Inches

Inches's comments

"Tiny black dots are appearing within the white mycelium fungus growing between the bean cracks. I will keep an eye on it but I'm sure it's fine. I wonder if they want more fresh air and UV disinfectant light from the sun. My windows block both from coming in ^_^"
in Fermented soybean paste (Doenjang) — Dec/19

"I made gochujang about 3 years ago now and I still have a lot left. I now learned that I cannot eat gluten, so I cannot eat barley or anything touching wheat, like the nuruk in makgroli either and maybe some meju-garu. So I cannot eat my long aged makgeoli or gochujang I know that this is the traditional method, but have you ever heard of any way to make gochujang or makgeoli without barely or starter that uses wheat? The enzymes help make the sweetness and to ferment and digest - I wonder if there are any alternative ways to get that in Korean tradition. There is gluten free gochujang at the store but it's $5 for a very small bottle. I would love to have a jar of gochujang sitting next to my doenjang fermenting ^_^"
in Hot pepper paste (Gochujang) — Dec/19

"Finished product used the last of my precious veggie broth. All the rest was used on potato dumpling soup and veggie kimchi paste!"
in Sundubu-jjigae (순두부찌개) Spicy soft tofu stew with kimchi and pork belly — Dec/19

"I made this last night and it was great! I subbed the pork for King oyster mushroom, cut very small and browned with oil for a long time until very brown and crispy. I always use this to replace pork in any dish. I left out the egg also, and used Indian Black Salt. It smells a bit like sulphur and worked really well to replace the egg. I also used the vegetarian broth from here and added little chunks of Korean radish to replace the cube and chunk texture of the pork. Lastly, I threw some enoki mushrooms on top near the end."
in Sundubu-jjigae (순두부찌개) Spicy soft tofu stew with kimchi and pork belly — Dec/19

"I made veggie broth the day before and vegetarian kimchi yesterday. I couldn't help but add minari also! Also, I smashed the garlic and ginger in mortar and pestle instead of chopping it for maximum flavor and health https://nutritionfacts.org/questions/what-are-the-anti-cancer-effects-of-garlic/ Tasted great with potato dumpling soup. It was plain before, but kimchi as a side was perfect!"
in Vegetarian and vegan kimchi (Chaesik-kimchi: 채식김치) — Dec/19

"Thank you very much for your tip! I will make sure to mash them more after soaking in the salty water."
in Fermented soybean paste (Doenjang) — Dec/19

"I ended up getting a small heating mat instead of only fire. Quickly after the white mycelium began to grow between the beans."
in Fermented soybean paste (Doenjang) — Dec/19

"Their final resting place is yearning for them below. I'm borrowing the other one for veggie kimchi fermenting.
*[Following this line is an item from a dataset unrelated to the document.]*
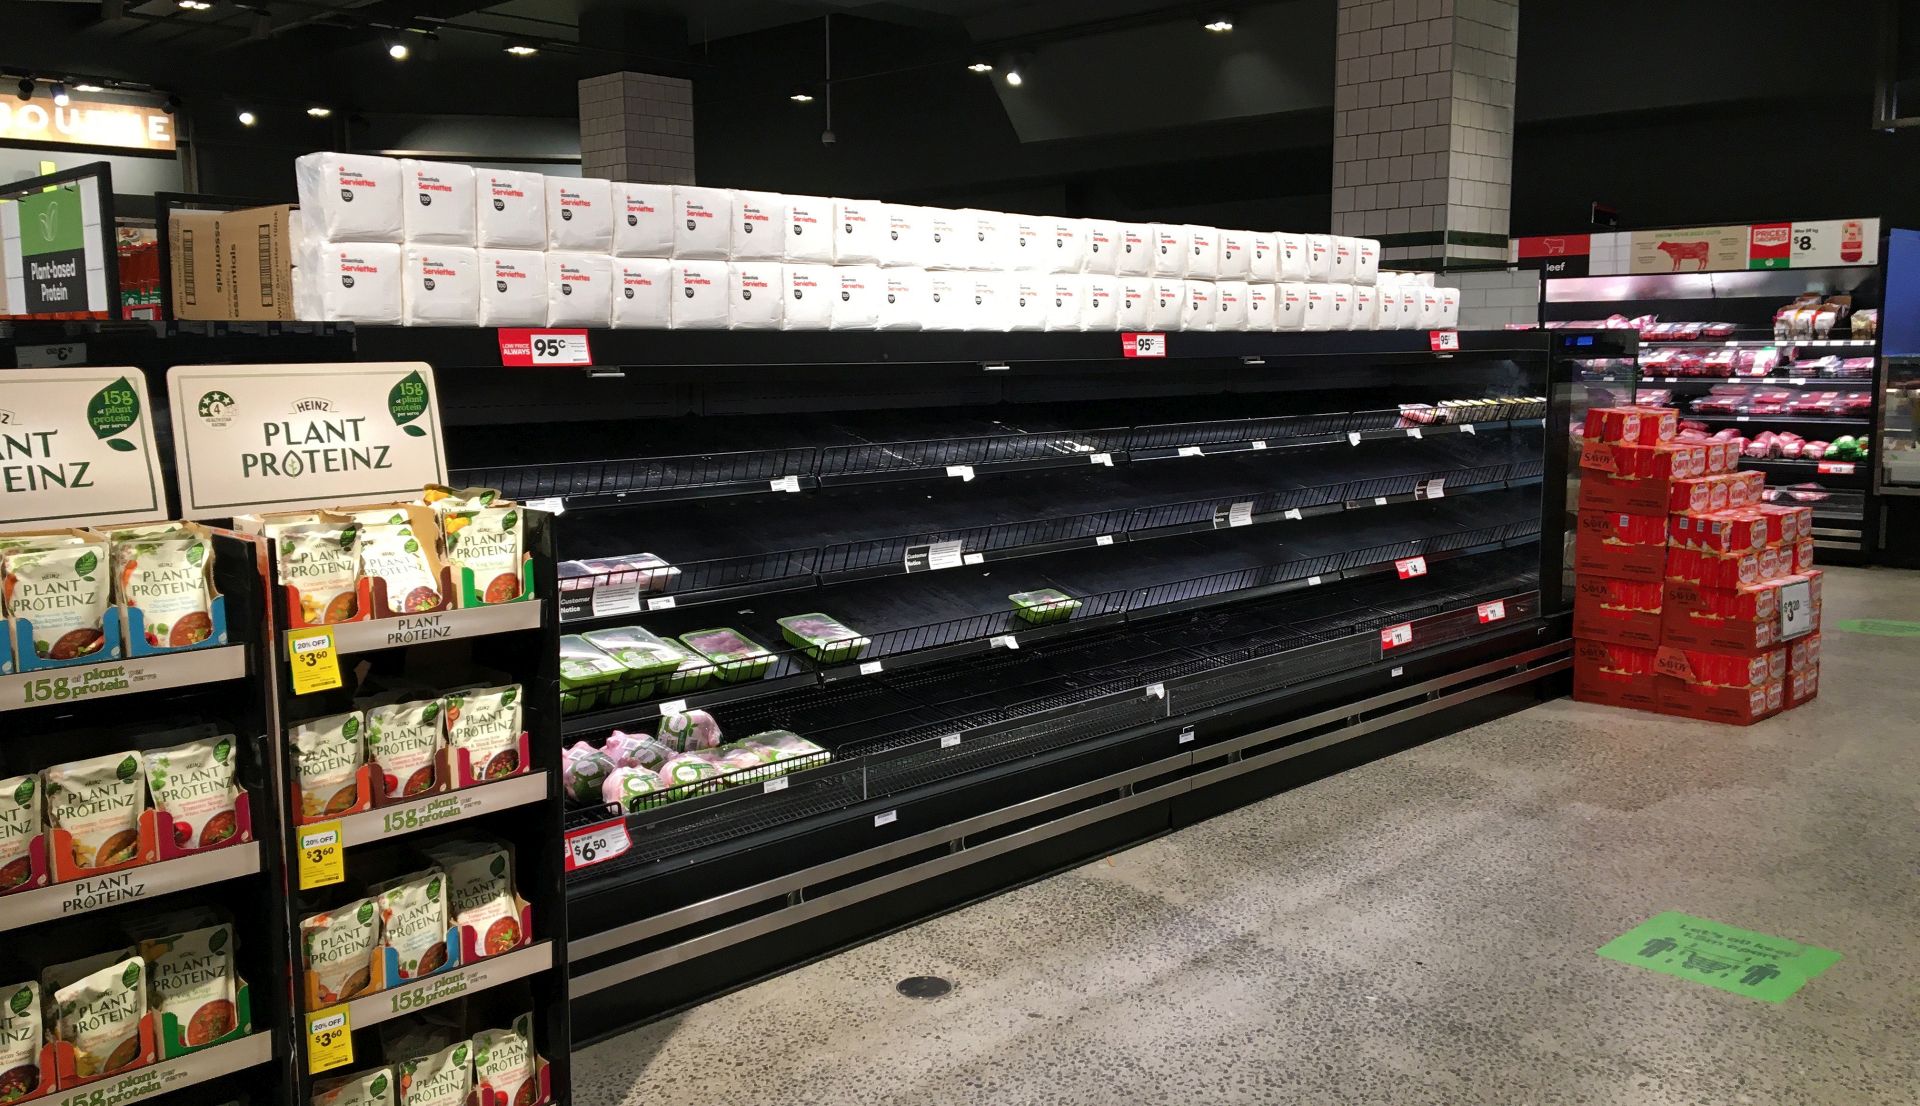 epa08584652 Empty shelves in a poultry section of a Woolworths supermarket in Melbourne, Australia, 05 August 2020. Shortages of meat products is occurring throughout supermarkets after a spike in coronavirus infections in the meat processing industry and an increase in panic buying after a stage four lockdown was announced.  EPA/JAMES ROSS AUSTRALIA AND NEW ZEALAND OUT

I hope my doenjang doesn't taste like kimchi if I use the same pot. I bought two new oongi from H-Mart because they were used for makgeoli and gochujang. Both used gluten and I need to be careful of gluten now so I cannot use them. They were expensive but now I just have to make a lot more in the future! I've watched hours of videos on meju and doenjang searching for both the English and Korean words. They are all the same. The only difference I see is that some lady put pine needles on top with the red peppers, charcoal, and jujubes."
in Fermented soybean paste (Doenjang) — Dec/19

"Today I moved my meju into their new apartment. They are staying in my room ^_^ The whole house has smelled wonderful this week. It's like fresh baked bread every day! I see white mycelium like when I made tempeh."
in Fermented soybean paste (Doenjang) — Dec/19

"Can I make doenjang in the same oongi I used to make kimchi? It is pourous and breathable, so will my ganjang end up tasting spicy or sour from making kimchi in it previously?"
in Vegetarian and vegan kimchi (Chaesik-kimchi: 채식김치) — Dec/19

"They are drying nicely. Changing color slightly. I can tell I did a bad job of smashing now that I can see all the whole bean pieces, haha."
in Fermented soybean paste (Doenjang) — Dec/19

"I found lump charcoal that is the perfect size. I think this will work. P.S. the warning says do not burn inside, it will kill you!"
in Fermented soybean paste (Doenjang) — Dec/19

"I used a potato masher, ha."
in Fermented soybean paste (Doenjang) — Dec/19

"I was not very diligent in smashing the soybeans, so I hope that it's not too chunky to be able to ferment properly or hold together we'll ^_^"
in Fermented soybean paste (Doenjang) — Dec/19

"I have my menu blocks drying by the fire. I'm excited to start my journey!"